What to work on: Using the string "khai" as the key, pull each matching line out of the records below.

Working data:

################

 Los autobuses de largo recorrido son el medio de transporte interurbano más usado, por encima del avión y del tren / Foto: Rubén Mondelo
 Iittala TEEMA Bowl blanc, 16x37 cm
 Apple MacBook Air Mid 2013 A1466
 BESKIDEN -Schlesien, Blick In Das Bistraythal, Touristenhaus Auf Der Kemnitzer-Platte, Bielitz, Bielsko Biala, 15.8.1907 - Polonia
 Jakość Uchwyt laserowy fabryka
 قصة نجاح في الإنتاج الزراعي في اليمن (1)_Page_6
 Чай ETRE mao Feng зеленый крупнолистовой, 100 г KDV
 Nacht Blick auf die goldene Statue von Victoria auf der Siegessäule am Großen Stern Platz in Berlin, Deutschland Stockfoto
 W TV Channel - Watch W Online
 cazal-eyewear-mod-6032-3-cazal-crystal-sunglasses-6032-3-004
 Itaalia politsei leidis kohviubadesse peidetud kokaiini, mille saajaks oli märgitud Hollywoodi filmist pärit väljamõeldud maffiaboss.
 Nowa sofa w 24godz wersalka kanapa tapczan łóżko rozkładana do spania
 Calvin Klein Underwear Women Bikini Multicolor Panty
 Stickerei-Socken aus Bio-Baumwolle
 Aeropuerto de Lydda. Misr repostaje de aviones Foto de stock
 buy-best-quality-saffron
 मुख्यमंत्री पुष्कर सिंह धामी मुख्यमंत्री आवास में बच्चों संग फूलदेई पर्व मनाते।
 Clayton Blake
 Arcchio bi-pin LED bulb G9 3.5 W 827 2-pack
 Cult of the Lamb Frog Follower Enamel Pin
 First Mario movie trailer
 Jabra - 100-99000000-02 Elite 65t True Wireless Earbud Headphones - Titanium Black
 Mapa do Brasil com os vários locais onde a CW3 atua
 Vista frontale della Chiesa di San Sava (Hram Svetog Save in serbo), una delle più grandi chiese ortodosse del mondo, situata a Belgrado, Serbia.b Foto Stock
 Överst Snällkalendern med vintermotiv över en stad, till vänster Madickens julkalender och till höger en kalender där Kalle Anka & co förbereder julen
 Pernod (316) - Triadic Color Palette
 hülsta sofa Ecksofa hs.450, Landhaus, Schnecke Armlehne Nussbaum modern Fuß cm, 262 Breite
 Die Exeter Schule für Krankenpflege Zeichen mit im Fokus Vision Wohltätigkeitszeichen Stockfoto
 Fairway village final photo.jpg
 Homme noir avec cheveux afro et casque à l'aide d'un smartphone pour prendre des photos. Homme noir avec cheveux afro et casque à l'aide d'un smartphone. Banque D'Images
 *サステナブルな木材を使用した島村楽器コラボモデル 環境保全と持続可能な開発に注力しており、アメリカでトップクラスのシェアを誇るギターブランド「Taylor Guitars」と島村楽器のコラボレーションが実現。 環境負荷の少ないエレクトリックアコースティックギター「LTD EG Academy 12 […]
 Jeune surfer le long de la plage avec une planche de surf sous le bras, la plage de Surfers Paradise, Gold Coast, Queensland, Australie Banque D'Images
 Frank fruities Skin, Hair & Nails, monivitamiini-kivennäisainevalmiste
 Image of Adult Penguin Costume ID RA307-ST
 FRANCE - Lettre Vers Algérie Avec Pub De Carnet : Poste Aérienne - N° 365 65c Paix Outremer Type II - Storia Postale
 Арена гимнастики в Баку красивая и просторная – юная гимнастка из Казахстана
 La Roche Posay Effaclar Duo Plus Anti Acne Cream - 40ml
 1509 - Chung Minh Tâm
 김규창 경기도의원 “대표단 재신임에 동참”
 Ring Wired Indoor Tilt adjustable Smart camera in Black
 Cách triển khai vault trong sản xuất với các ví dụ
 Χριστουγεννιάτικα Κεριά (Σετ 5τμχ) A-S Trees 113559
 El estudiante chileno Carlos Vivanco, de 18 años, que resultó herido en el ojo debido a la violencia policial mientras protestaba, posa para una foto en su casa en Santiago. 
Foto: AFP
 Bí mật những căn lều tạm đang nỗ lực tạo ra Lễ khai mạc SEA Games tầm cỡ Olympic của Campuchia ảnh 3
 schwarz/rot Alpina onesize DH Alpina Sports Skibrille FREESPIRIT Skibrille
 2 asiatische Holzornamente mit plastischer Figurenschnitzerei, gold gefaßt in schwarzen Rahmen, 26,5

################

Final answer:
 Cách triển khai vault trong sản xuất với các ví dụ
 Bí mật những căn lều tạm đang nỗ lực tạo ra Lễ khai mạc SEA Games tầm cỡ Olympic của Campuchia ảnh 3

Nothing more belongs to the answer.